=== Information provided ===
───

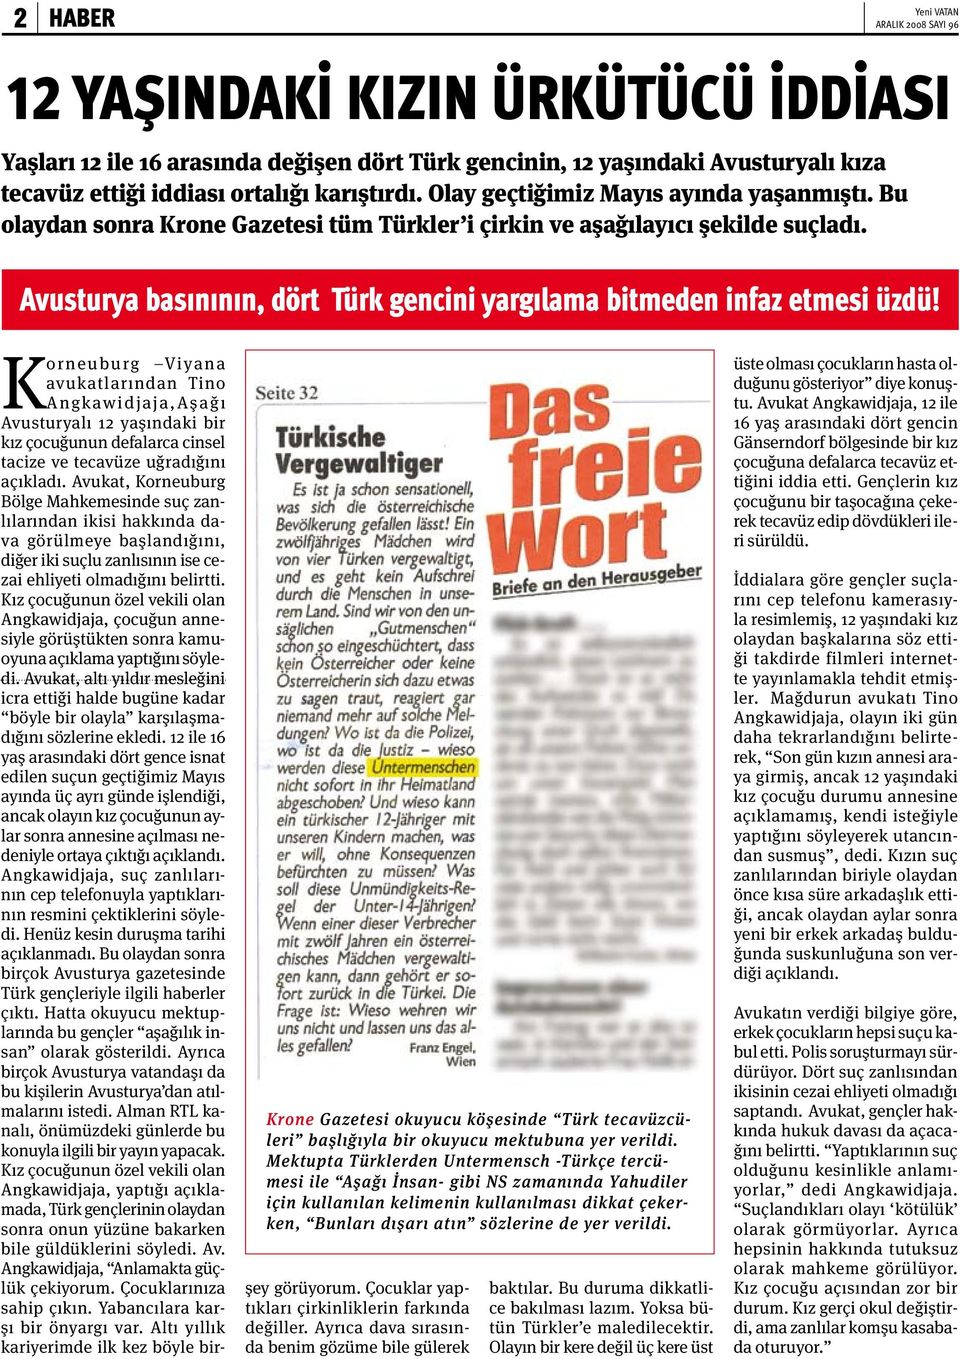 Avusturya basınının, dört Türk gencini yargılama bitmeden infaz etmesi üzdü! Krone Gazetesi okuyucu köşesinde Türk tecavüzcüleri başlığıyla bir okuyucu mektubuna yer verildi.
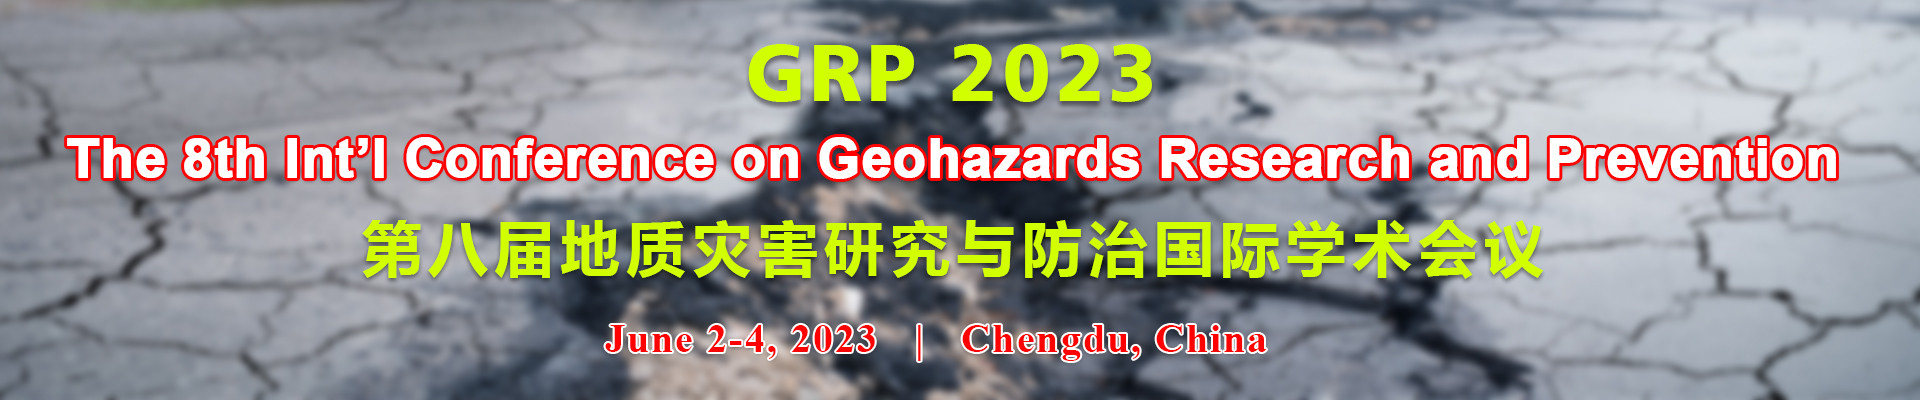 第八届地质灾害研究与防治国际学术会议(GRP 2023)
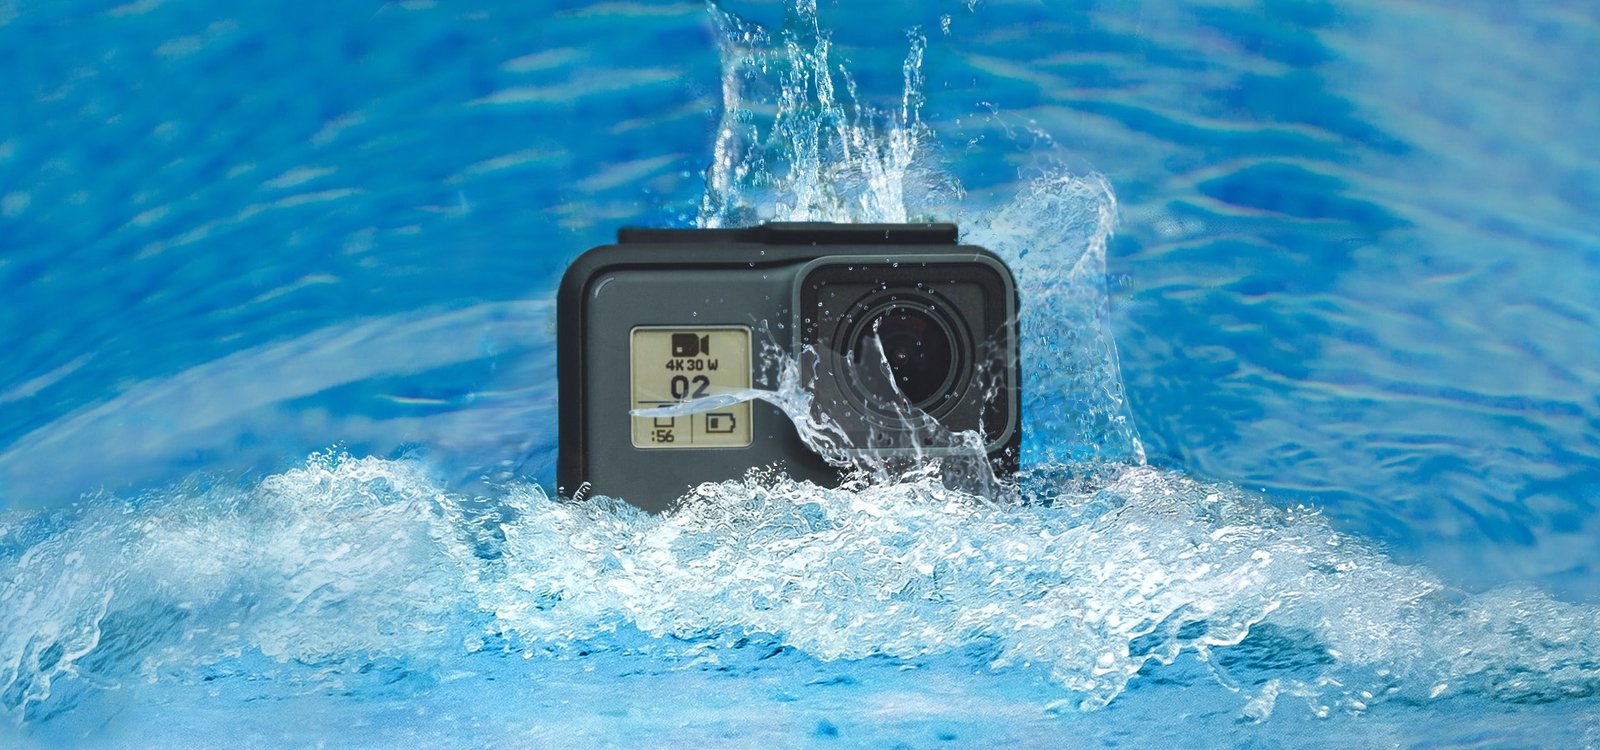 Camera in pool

───

=== Your task ===
If the material above contains pictures, exclude them from an otherwise exact transcription.

=== Answer space ===
 Avusturya basınının, dört Türk gencini yargılama bitmeden infaz etmesi üzdü! Krone Gazetesi okuyucu köşesinde Türk tecavüzcüleri başlığıyla bir okuyucu mektubuna yer verildi.
 第八届地质灾害研究与防治国际学术会议(GRP 2023)
 Camera in pool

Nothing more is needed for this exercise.